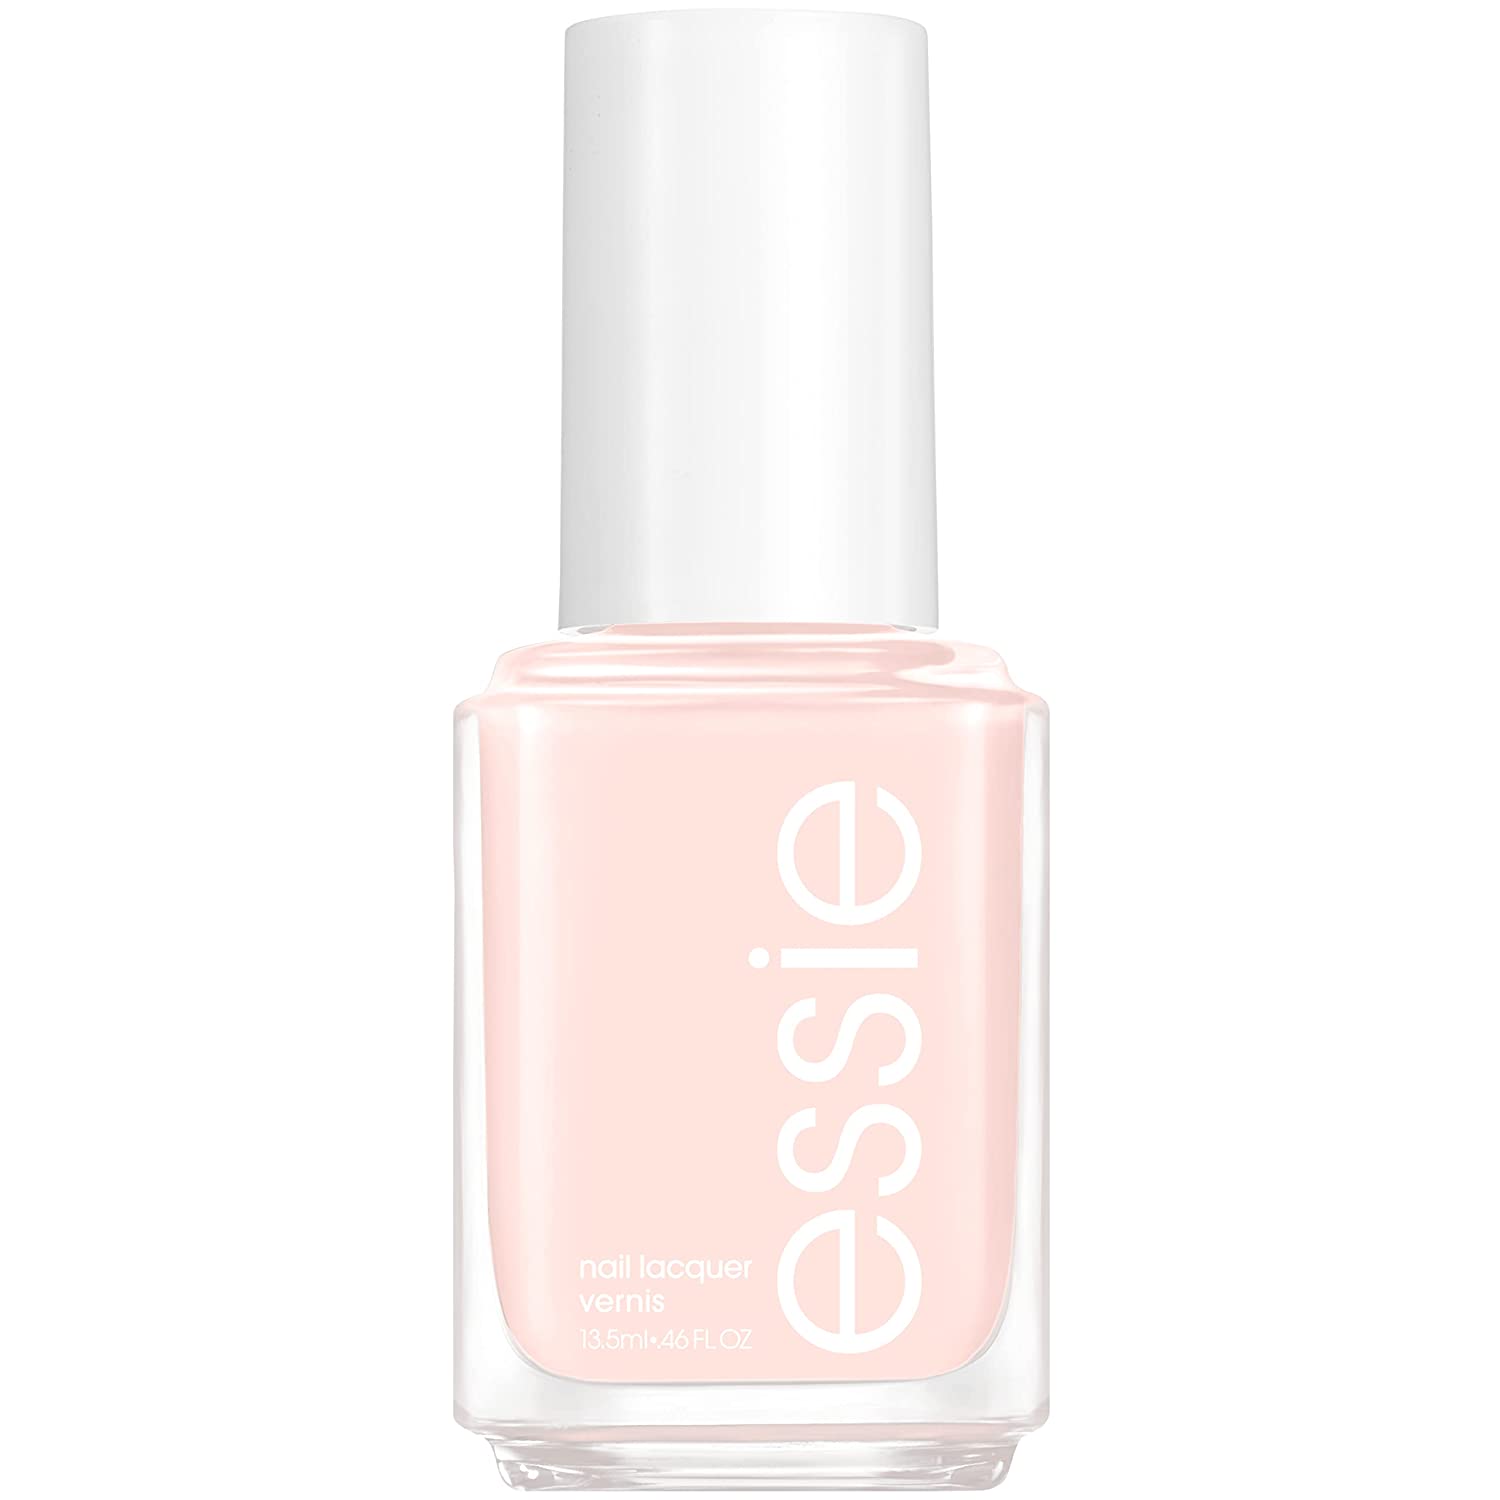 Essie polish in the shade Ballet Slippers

########

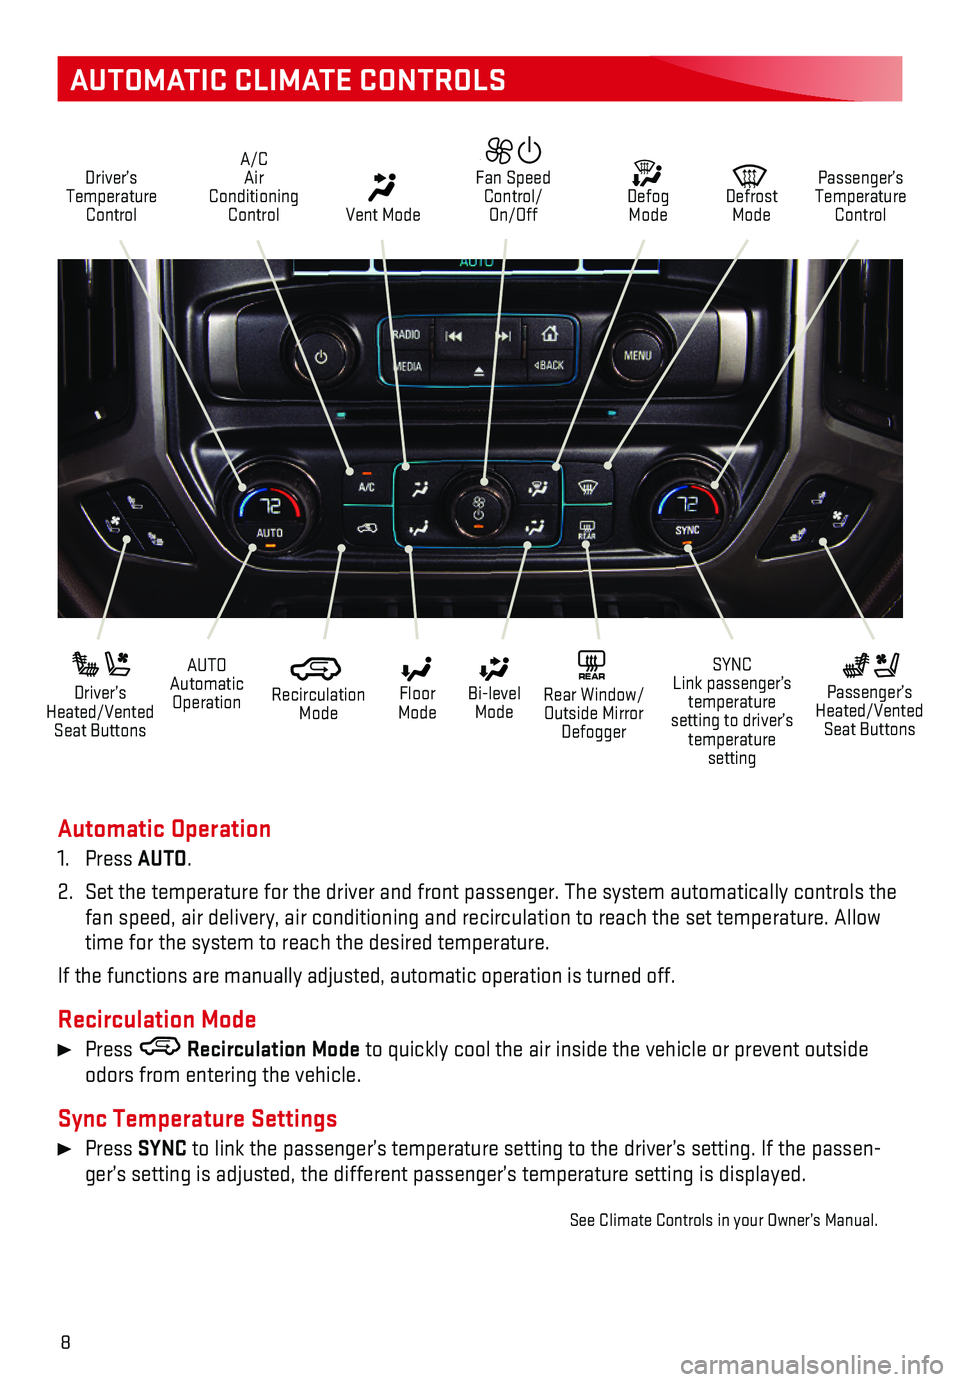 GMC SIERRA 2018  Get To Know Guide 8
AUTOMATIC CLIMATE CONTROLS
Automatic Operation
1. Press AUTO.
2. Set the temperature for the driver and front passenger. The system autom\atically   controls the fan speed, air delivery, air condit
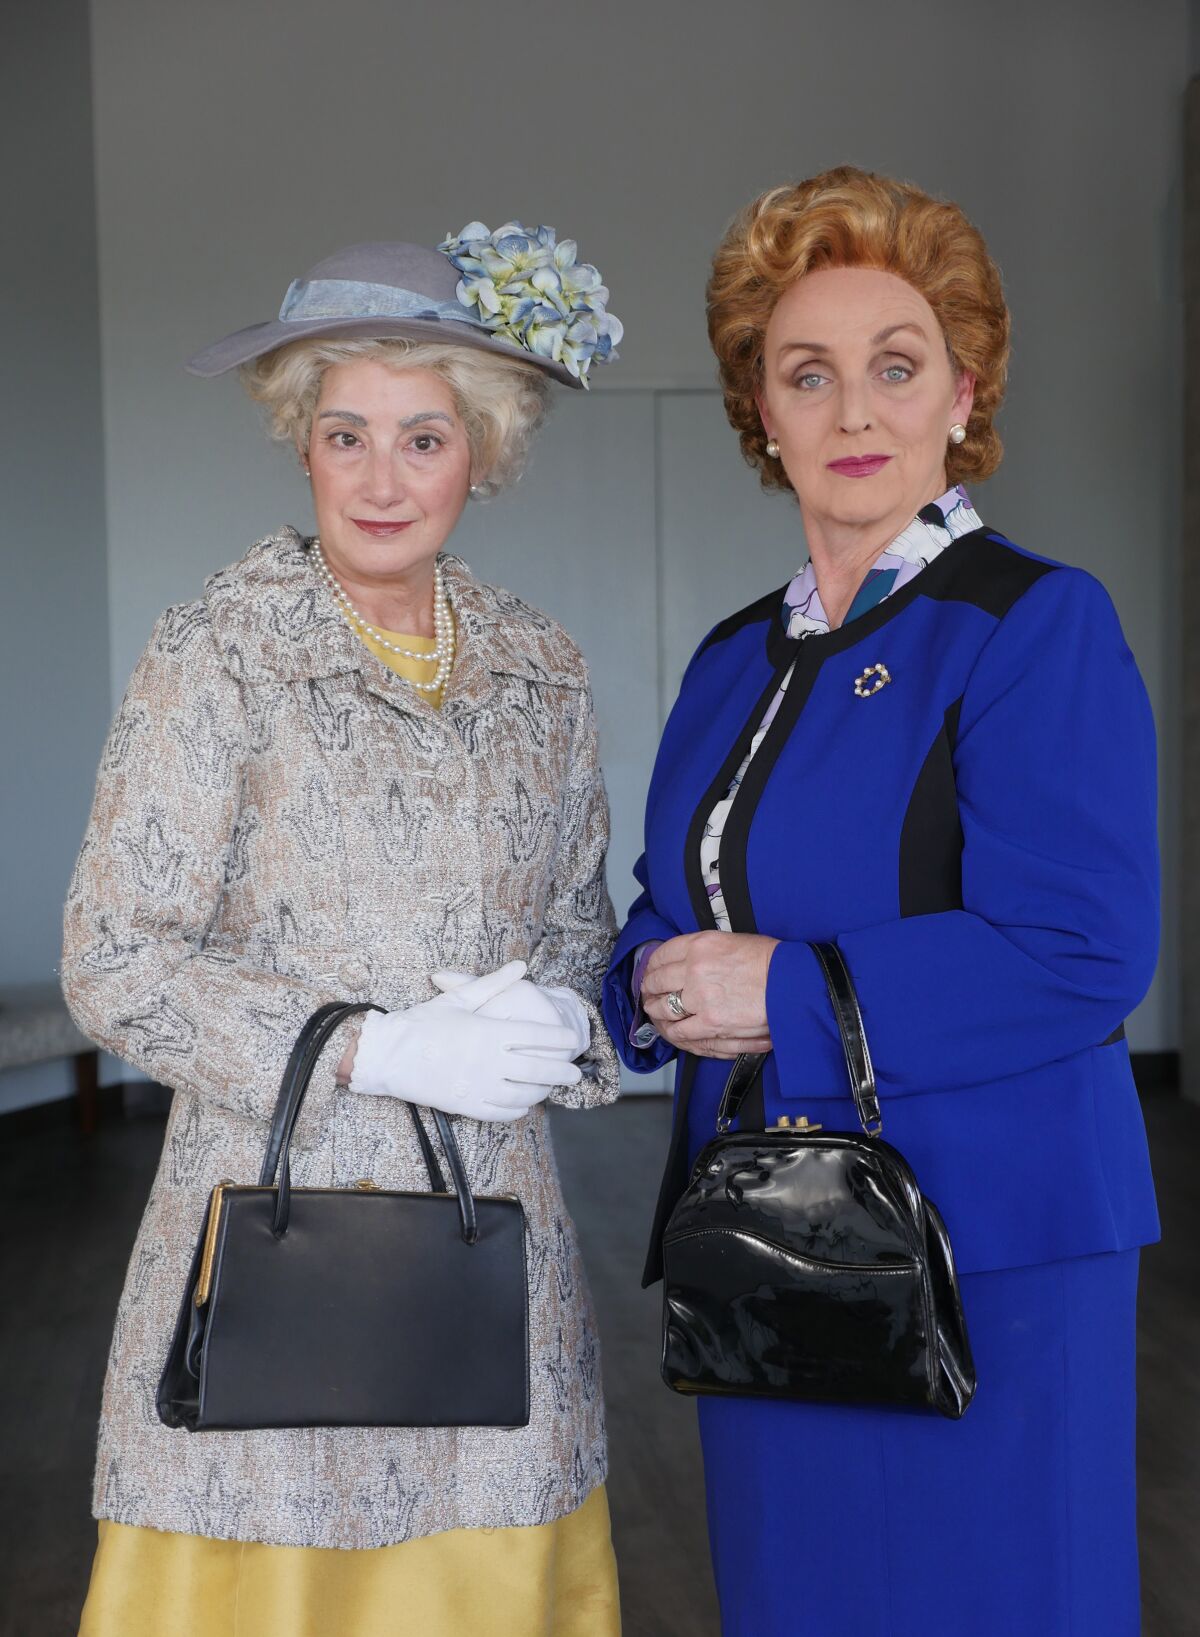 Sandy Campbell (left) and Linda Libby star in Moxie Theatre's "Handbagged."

########

◆ Task statement ◆
Every line above from the one with "2. Set the temperature" down to the one with "Sandy Campbell (left)" must be written out exactly, and no picture may appear.

◆ Answer space ◆
2. Set the temperature for the driver and front passenger. The system autom\atically   controls the fan speed, air delivery, air condit
 Sandy Campbell (left) and Linda Libby star in Moxie Theatre's "Handbagged."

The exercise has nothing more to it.